- DATA PROVIDED:

--------

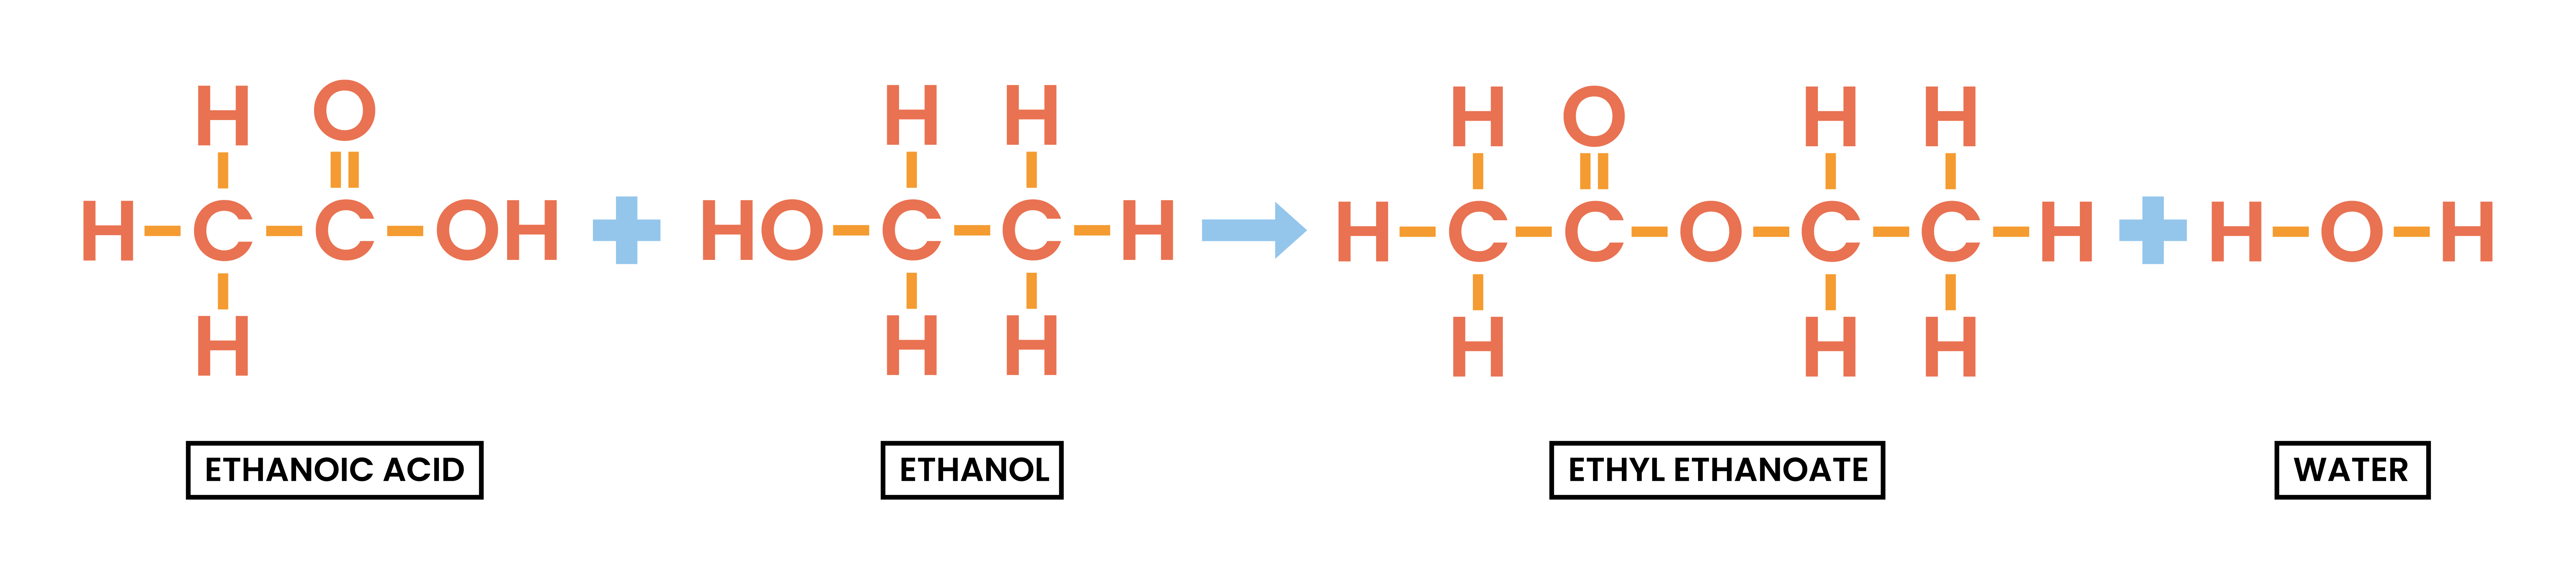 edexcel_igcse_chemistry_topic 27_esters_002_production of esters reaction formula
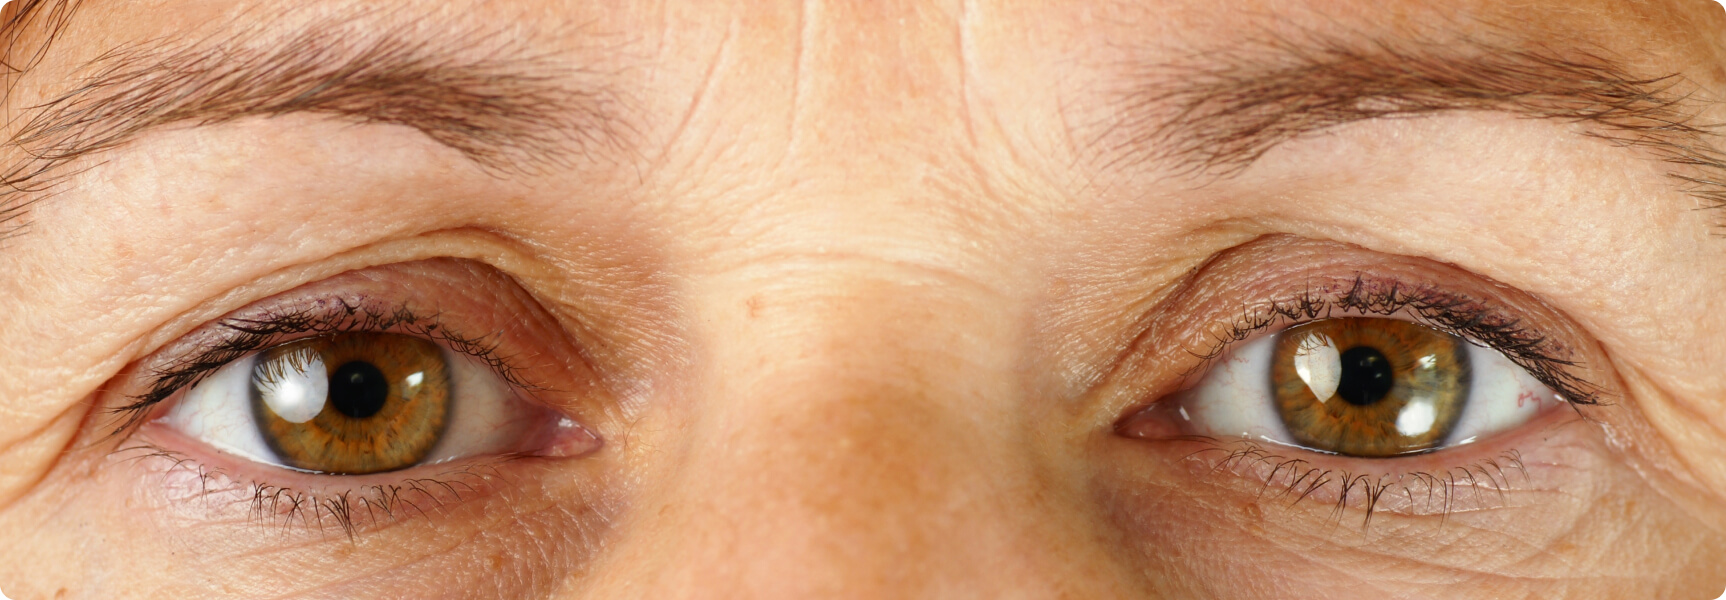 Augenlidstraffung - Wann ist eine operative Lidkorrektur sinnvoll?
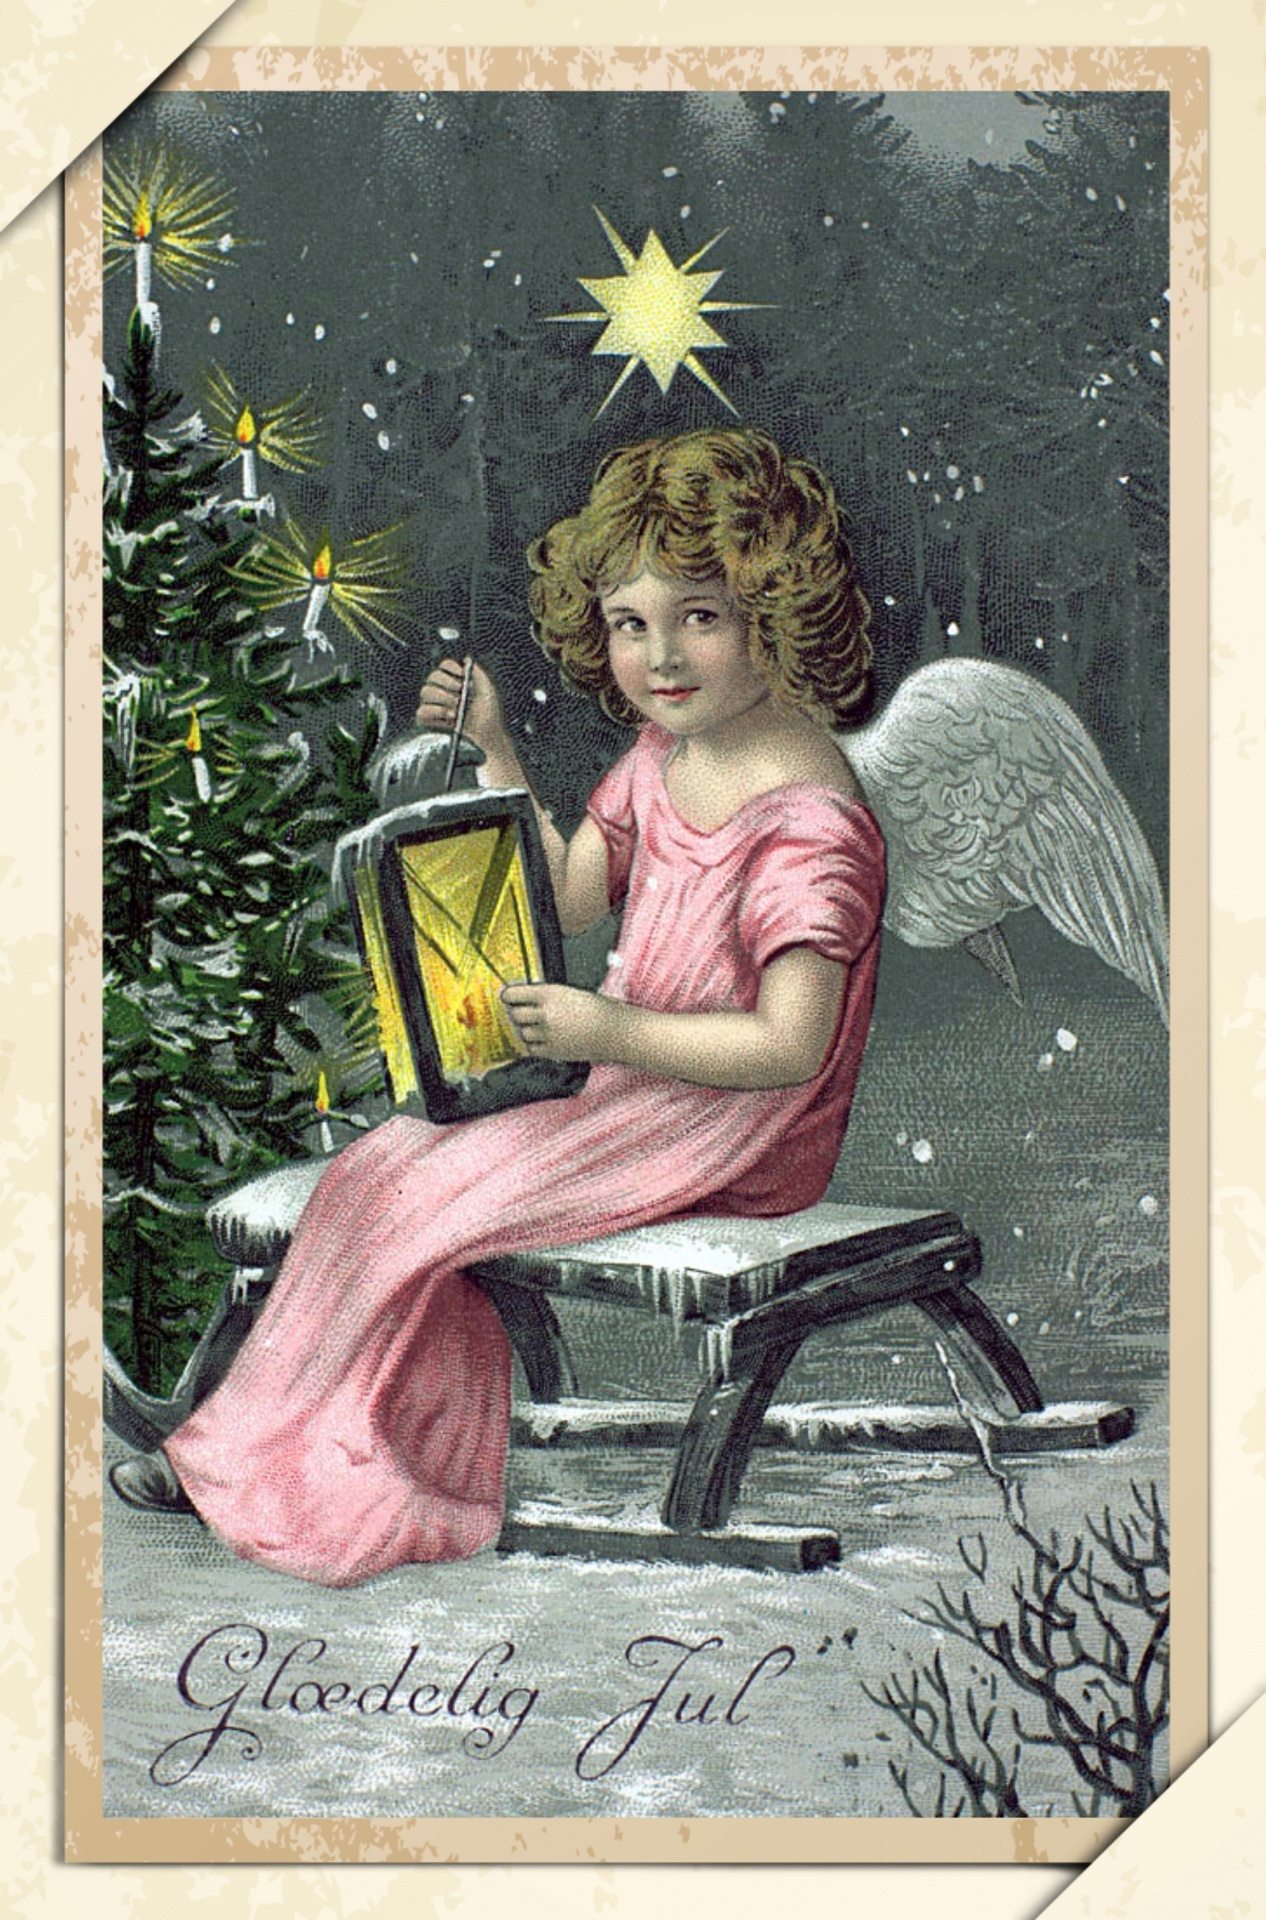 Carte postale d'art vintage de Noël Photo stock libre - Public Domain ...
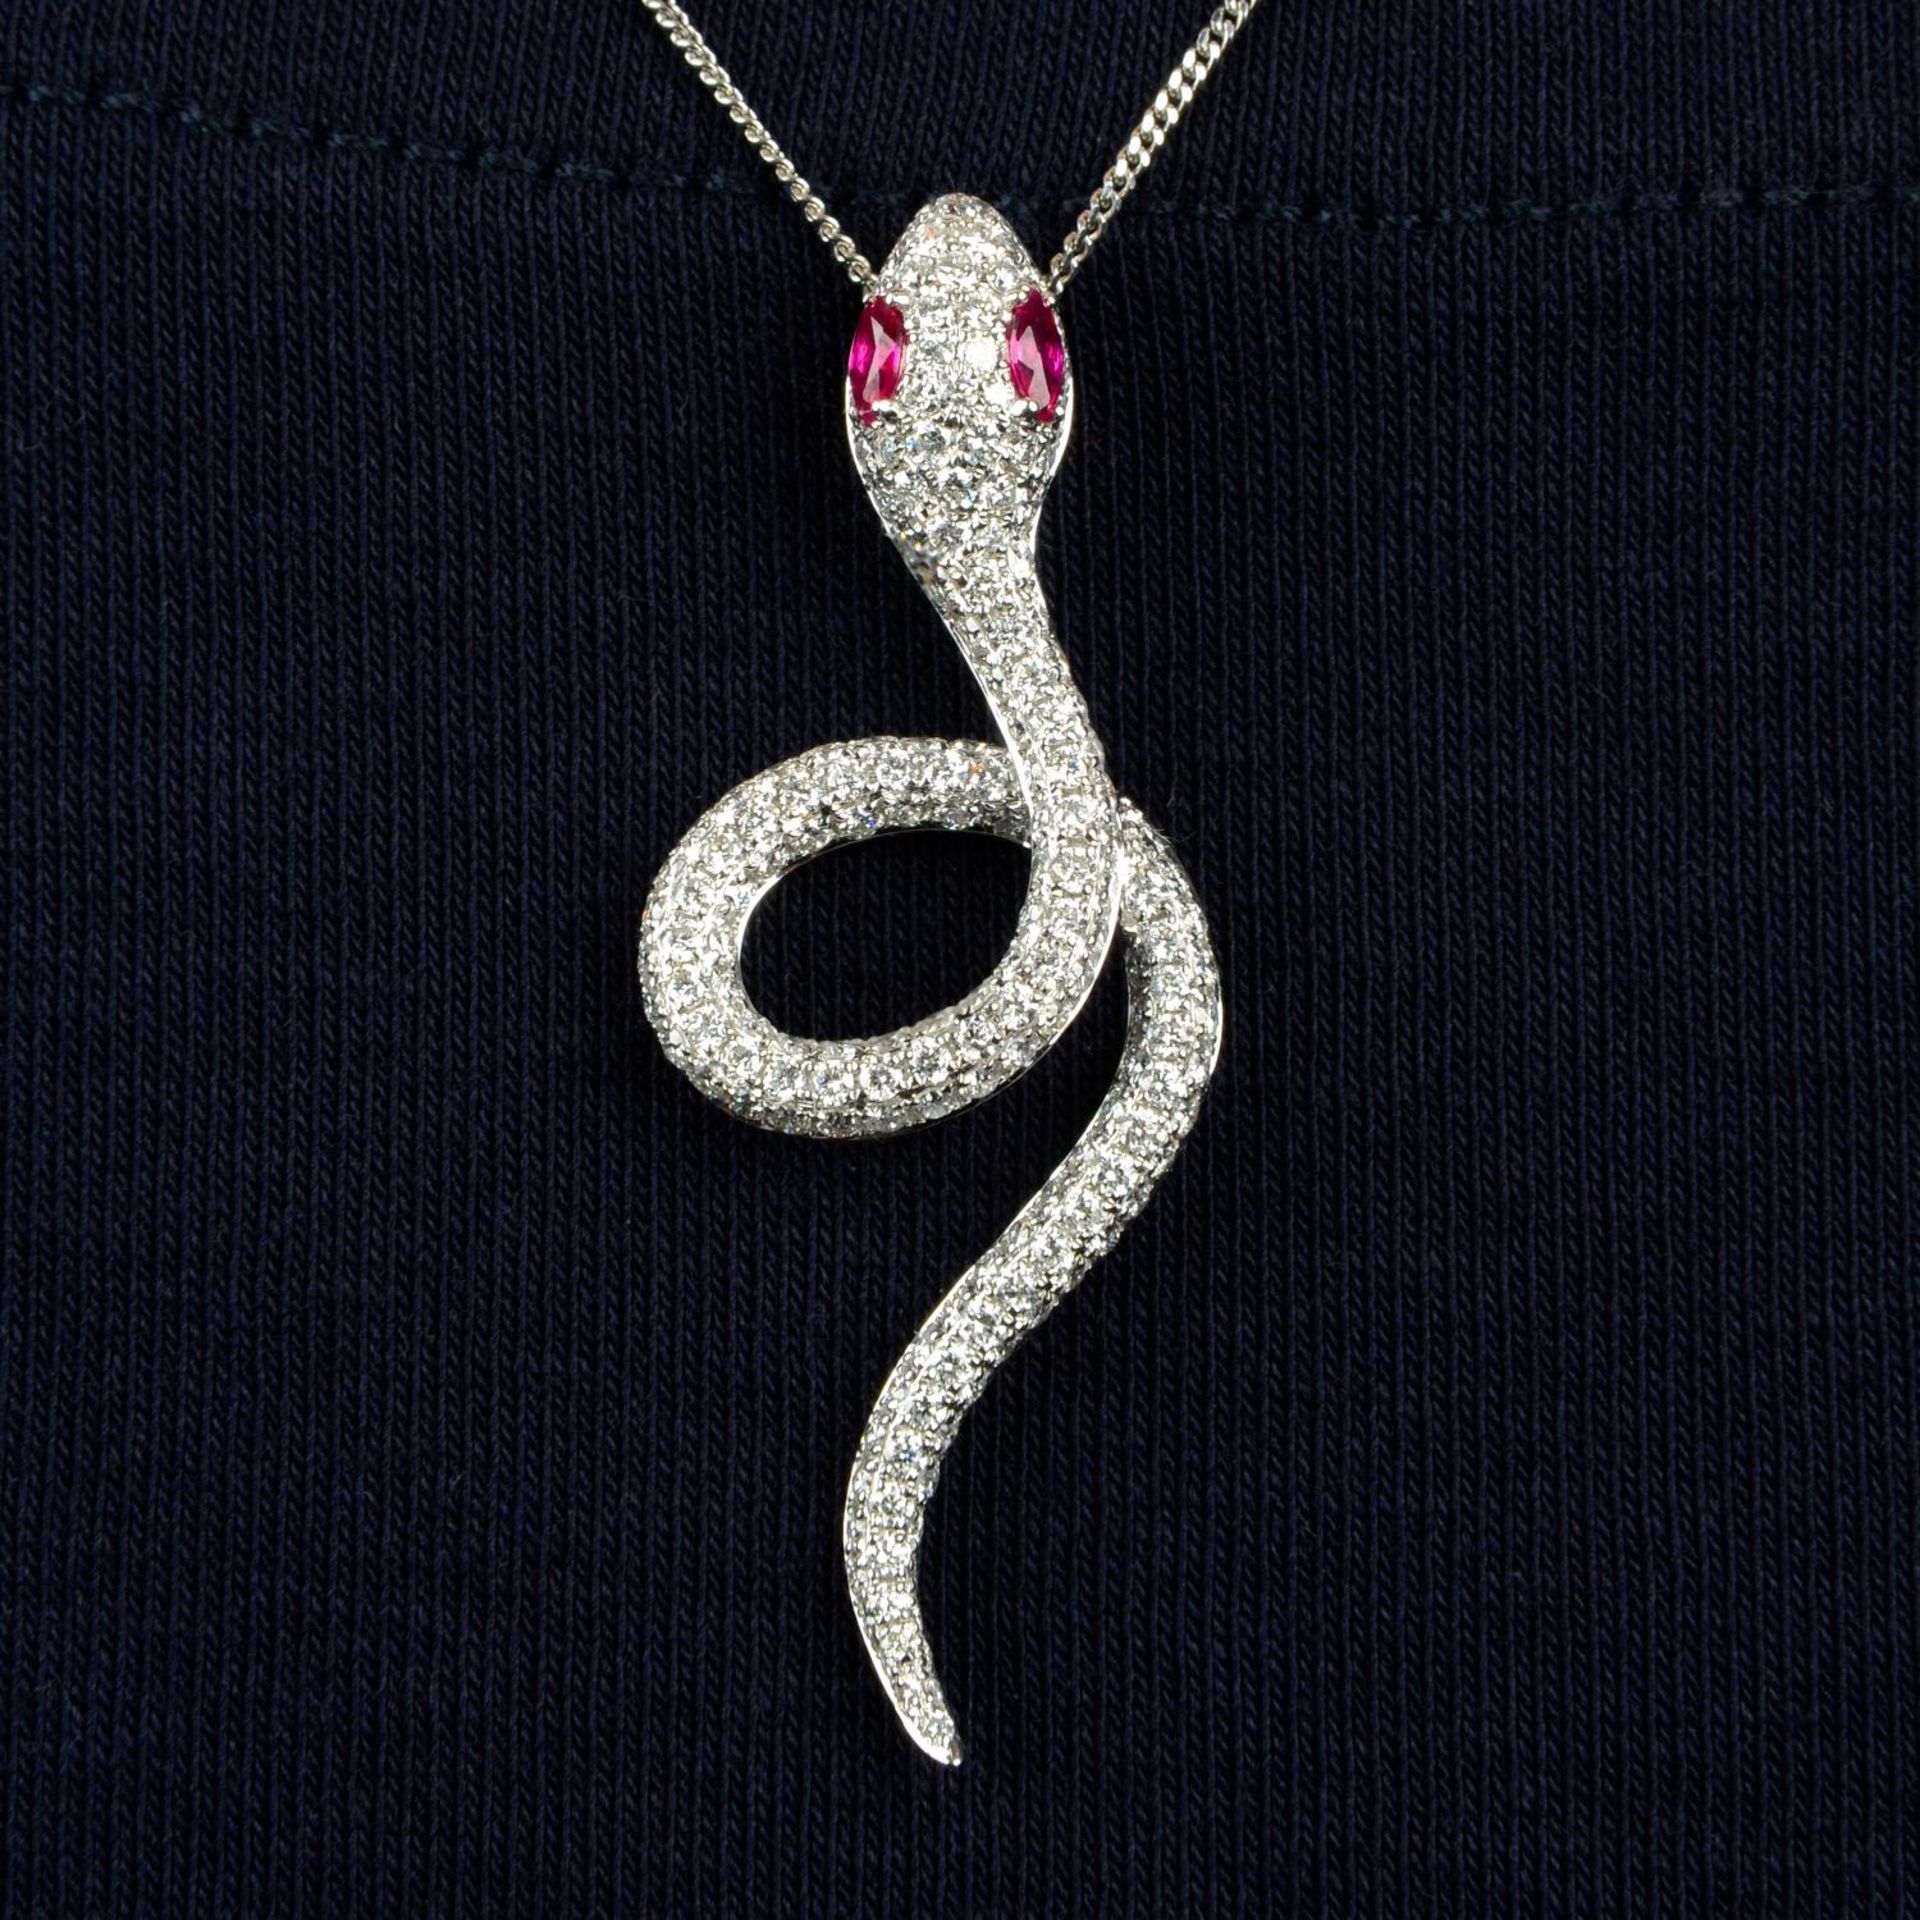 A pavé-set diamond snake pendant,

--------

- WORK REQUEST:
Print exactly, and only, the lines from the one with "Augenlidstraffung - Wann" through the last line of the listing above. No pictures belong in the copy.

- TASK RESPONSE:
 Augenlidstraffung - Wann ist eine operative Lidkorrektur sinnvoll?
 Carte postale d'art vintage de Noël Photo stock libre - Public Domain ...
 A pavé-set diamond snake pendant,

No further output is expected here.